Even if the data is noisy, it shows whether you’re part of the conversation—or whether competitors are taking the spotlight.
In a perfect world, tracking AI visibility on a micro and macro level isn’t an either–or choice.
Micro tracking for high-stakes AI prompts
Micro tracking is about zooming in on the handful of queries that really matter to your business.
These might include:
- Branded prompts: e.g. “What is [Brand] known for?”

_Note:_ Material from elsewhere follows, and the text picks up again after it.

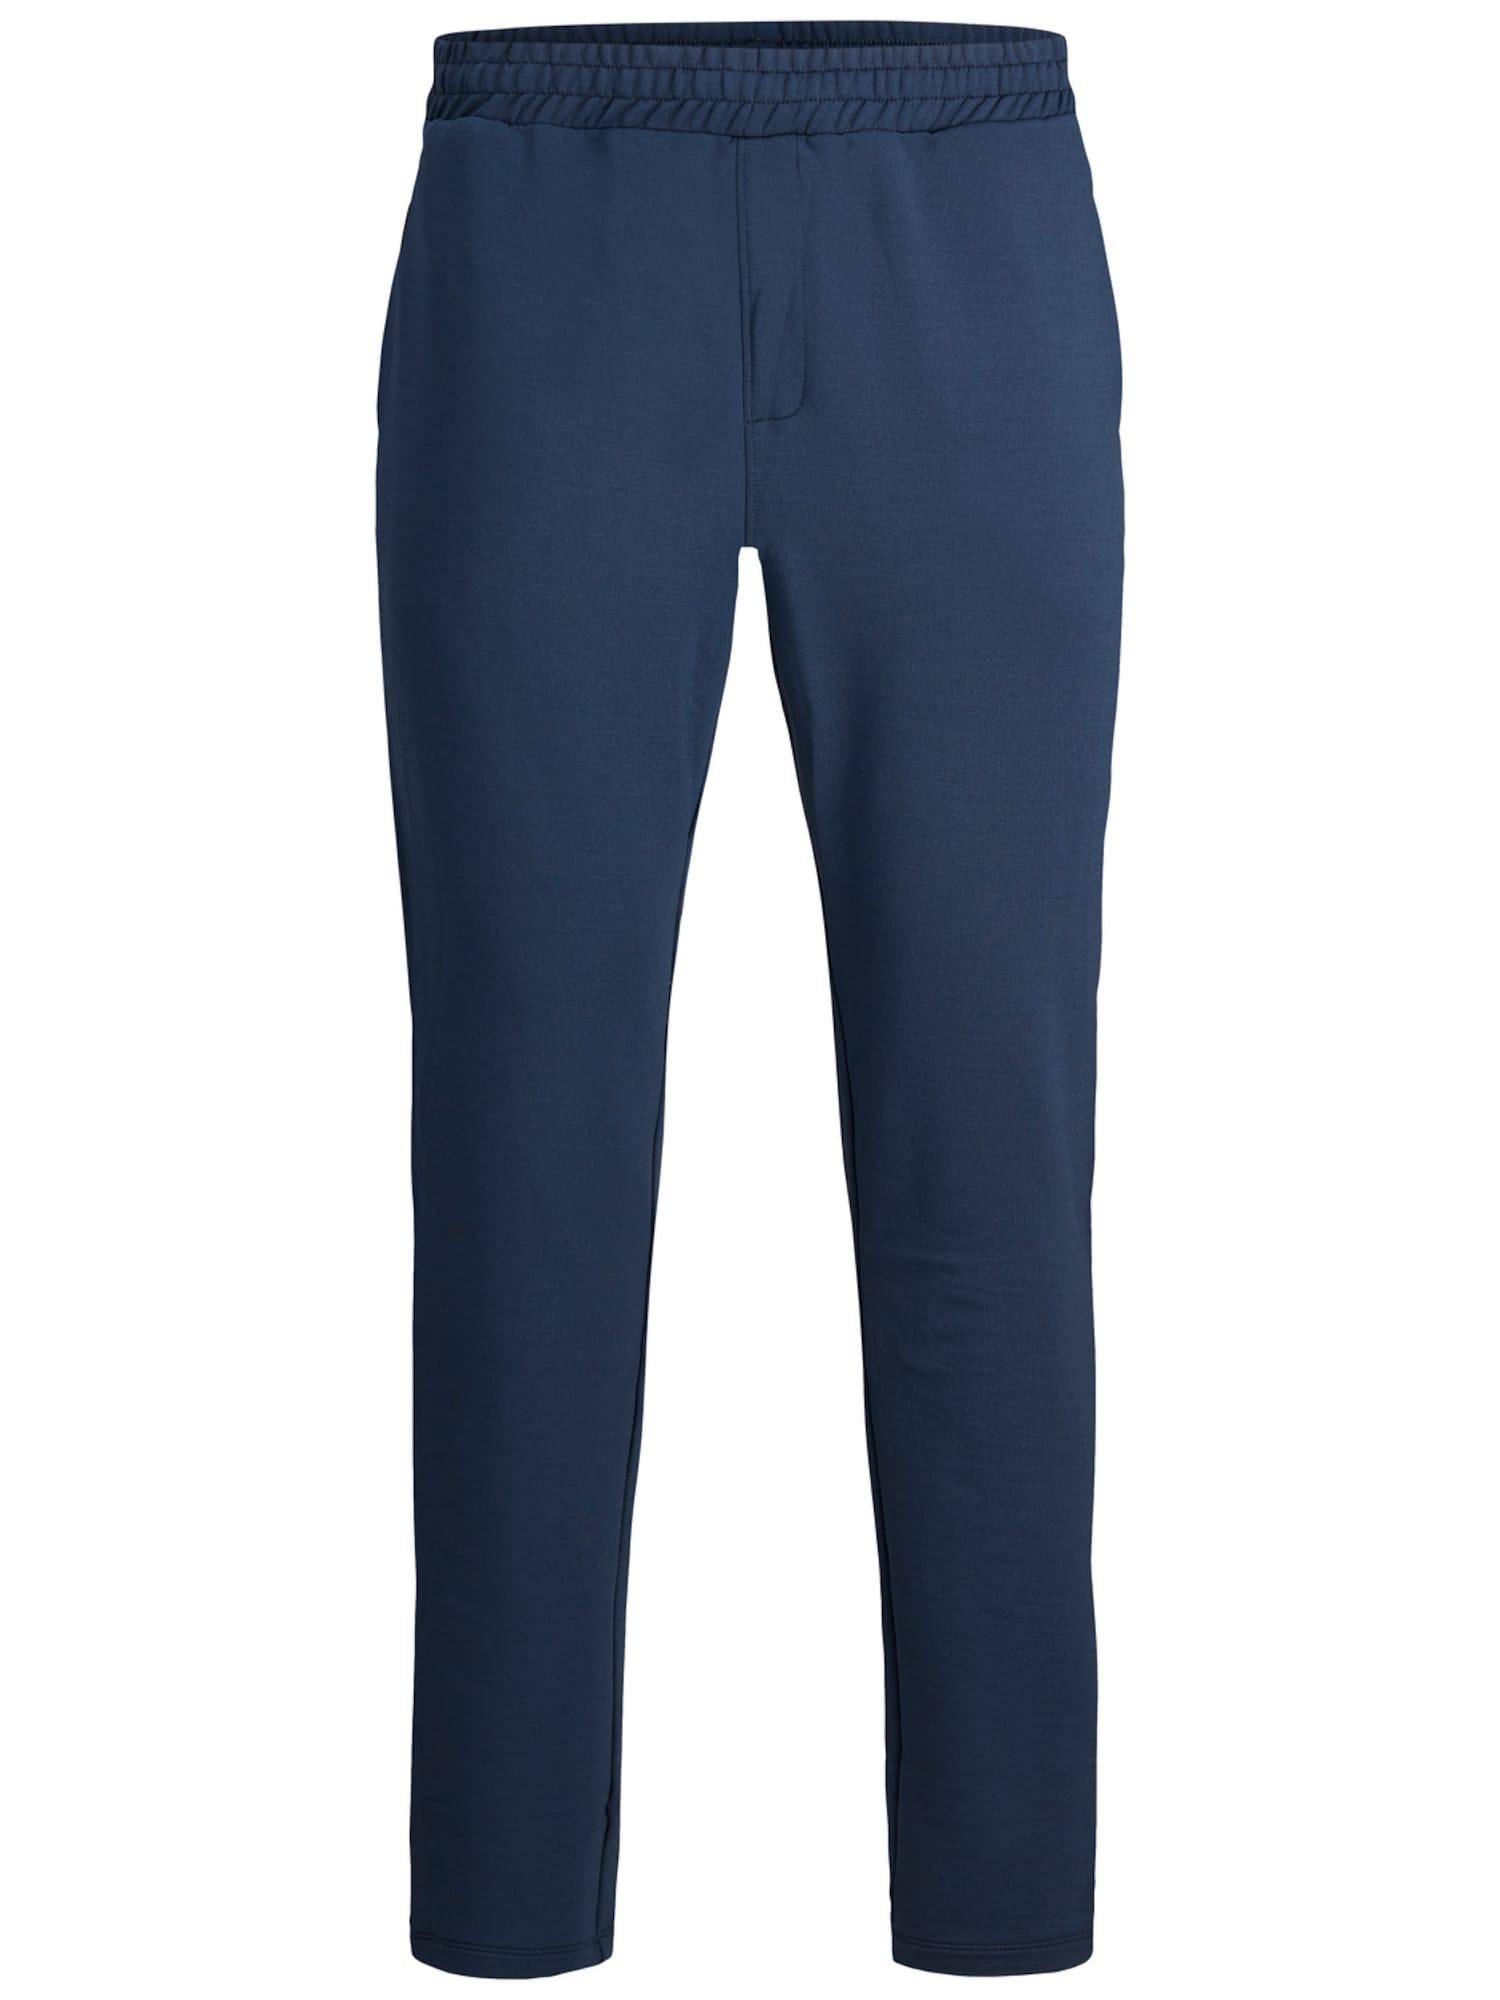 JACK & JONES Sportinės kelnės mėlyna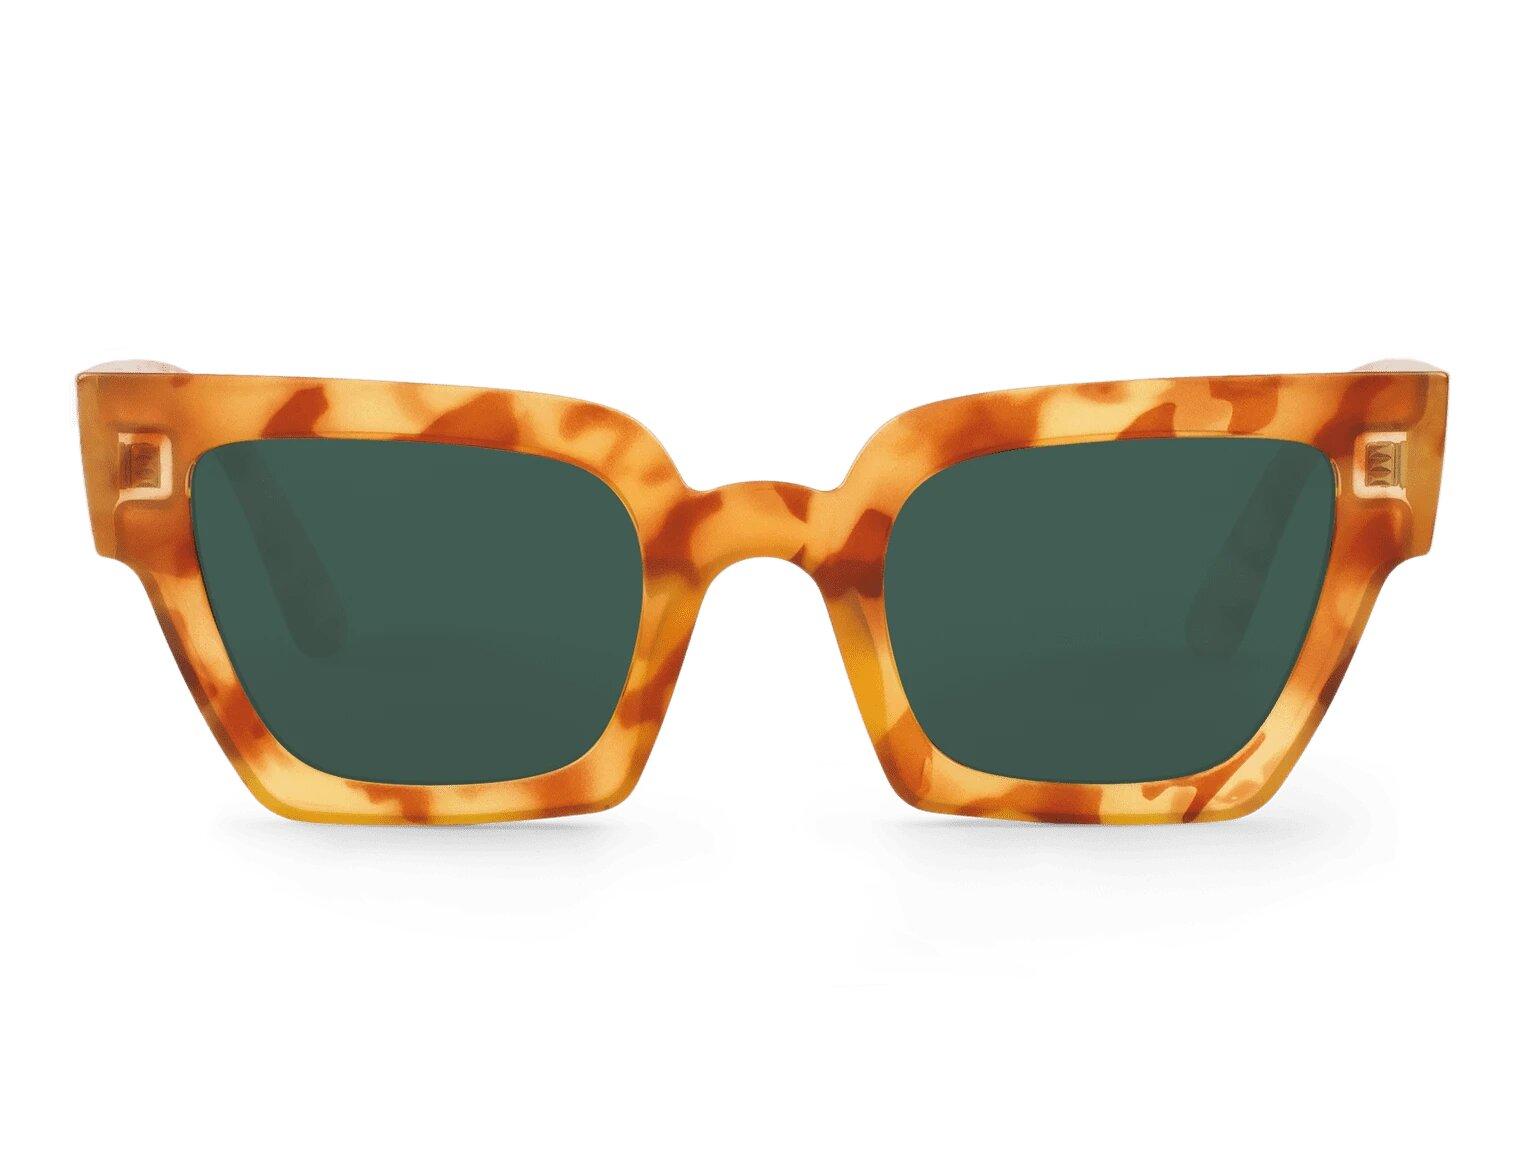 Gafas caramel FRELARD MR. BOHO

- Competitor comparisons: e.g. “[Brand] vs [Competitor]”
- Bottom-of-funnel purchase queries: e.g. “best [product] for [audience]”
Even though AI responses are probabilistic, it’s still worth monitoring these “make or break” queries where visibility or accuracy really matters.
Macro tracking for overall AI visibility
Macro tracking is about zooming out to understand the bigger picture of how AI connects your brand to topics and markets.
This approach is about monitoring thousands of variations to spot patterns, find new opportunities, and map the competitive landscape.
Most AI tools only handle the first mode, but Ahrefs’ Brand Radar can help you with both.
It lets you keep tabs on business-critical prompts while also surfacing the unknown unknowns.
And soon it’ll support custom prompts, so you can get even more granular with your tracking.
Looking at both levels helps you answer two questions: are you present where it counts, and are you strong enough to dominate the market?
Final thoughts
No, you’ll never track AI interactions in the same way you track traditional searches.
But that’s not the point.
AI search tracking is a compass—it will show if you’re headed in the right direction.
The real risk is ignoring your AI visibility while competitors build presence in the space.
Start now, treat the data as directional, and use it to shape your content, PR, and positioning.